February 4

Today's quotation:

When you feel offended, you're practicing judgment. . . .
What you may not realize is that when you judge another
person, you do not define them.  You define yourself
as someone who needs to judge others.

Wayne Dyer

Today's Meditation:

Judge not and you won't be judged--we've all heard the saying many times, but how often do we take to heart the first two words?  These first two words, if followed, could relieve us of more stress and anxiety than we possibly can imagine, for letting go of our tendency to judge others allows us to free ourselves from our need to be right all the time, from our need to control situations by making sure they come out the way we think they should come out.

Judgment is nothing more than our way of saying that someone doesn't live up to our expectations.  They're not doing things the way we think they should do them, and it makes us feel pretty good to be able to judge someone else's words or actions--for then we're "right," and they're "wrong."  It's nice to be right, isn't it?

But Wayne's words are very profound.  When we judge other people, we're defining ourselves as someone who needs to judge others.  Is this a healthy need?  Are our judgments necessarily valid or accurate?  If we keep on defining ourselves in this way, will we ever become people who truly "live and let live"?  Letting someone else live life according to his or her own muse or muses is one of the greatest gifts we can give someone else; why don't we do it more often?

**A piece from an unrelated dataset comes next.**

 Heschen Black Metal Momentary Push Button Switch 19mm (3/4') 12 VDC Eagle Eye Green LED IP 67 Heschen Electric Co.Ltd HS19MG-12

And is it possible to love unconditionally if we are people who need to judge others?  I think not. . . .

Questions to consider:

Where do we get the tendency to need and/or want to judge others?

What would life be like if we were able to give up judging other human beings for doing things the way they think is right?

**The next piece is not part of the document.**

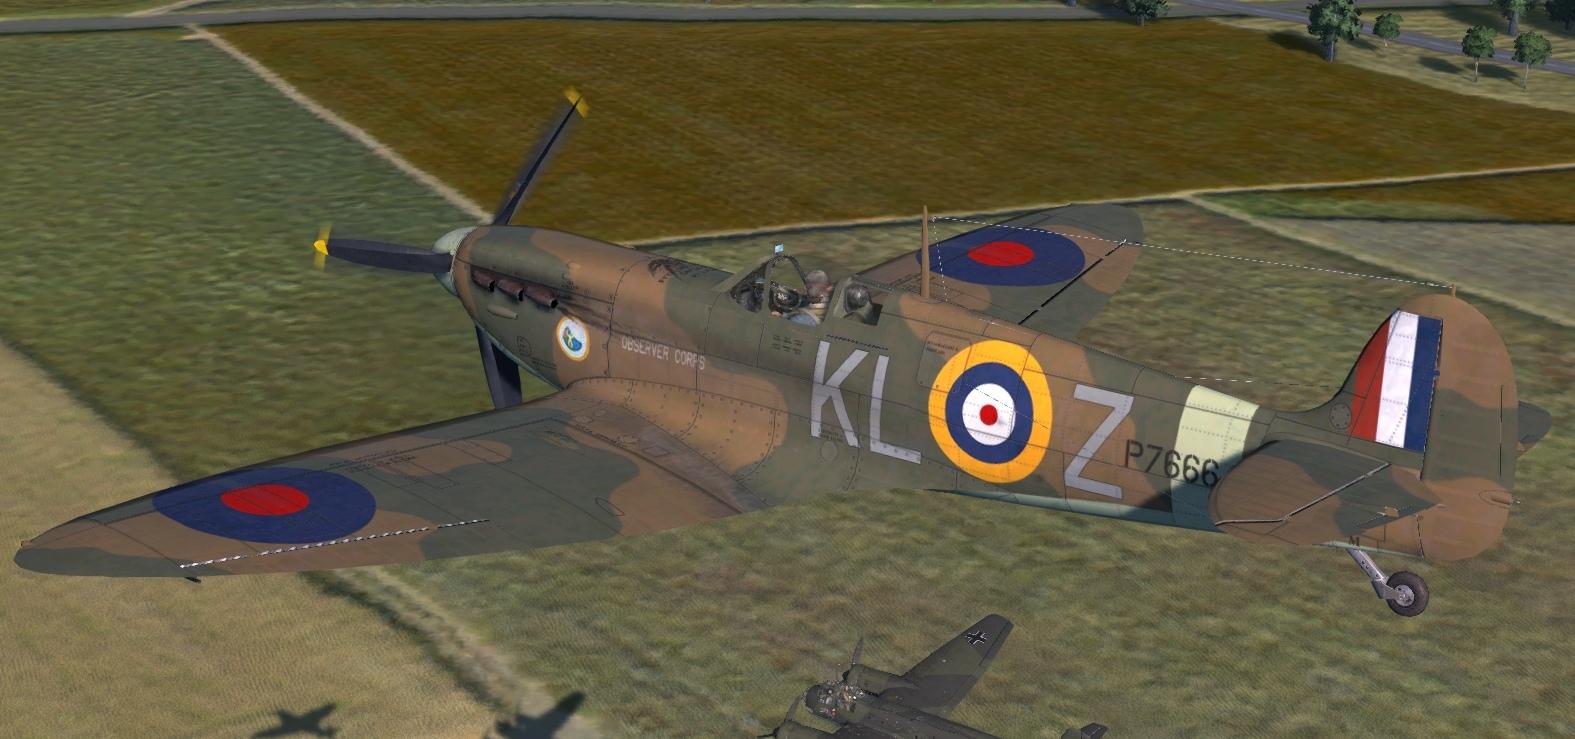 COD KF MkIIa RAF 54Sqn KLZ Don Finlay P7666 Hornchurch 1940 V0C

Do people judge you?  How does that make you feel?  Do you make others feel that way when you judge them?

For further thought:

When you are interested in other perspectives, it doesn’t imply,
even slightly, that you’re advocating them.  I certainly wouldn’t
choose a punk rock lifestyle or suggest it to anyone else.  At the
same time, however, it’s really not my place to judge it either.
One of the cardinal rules of joyful living is that judging others
takes a great deal of energy and, without exception,
pulls you away from where you want to be.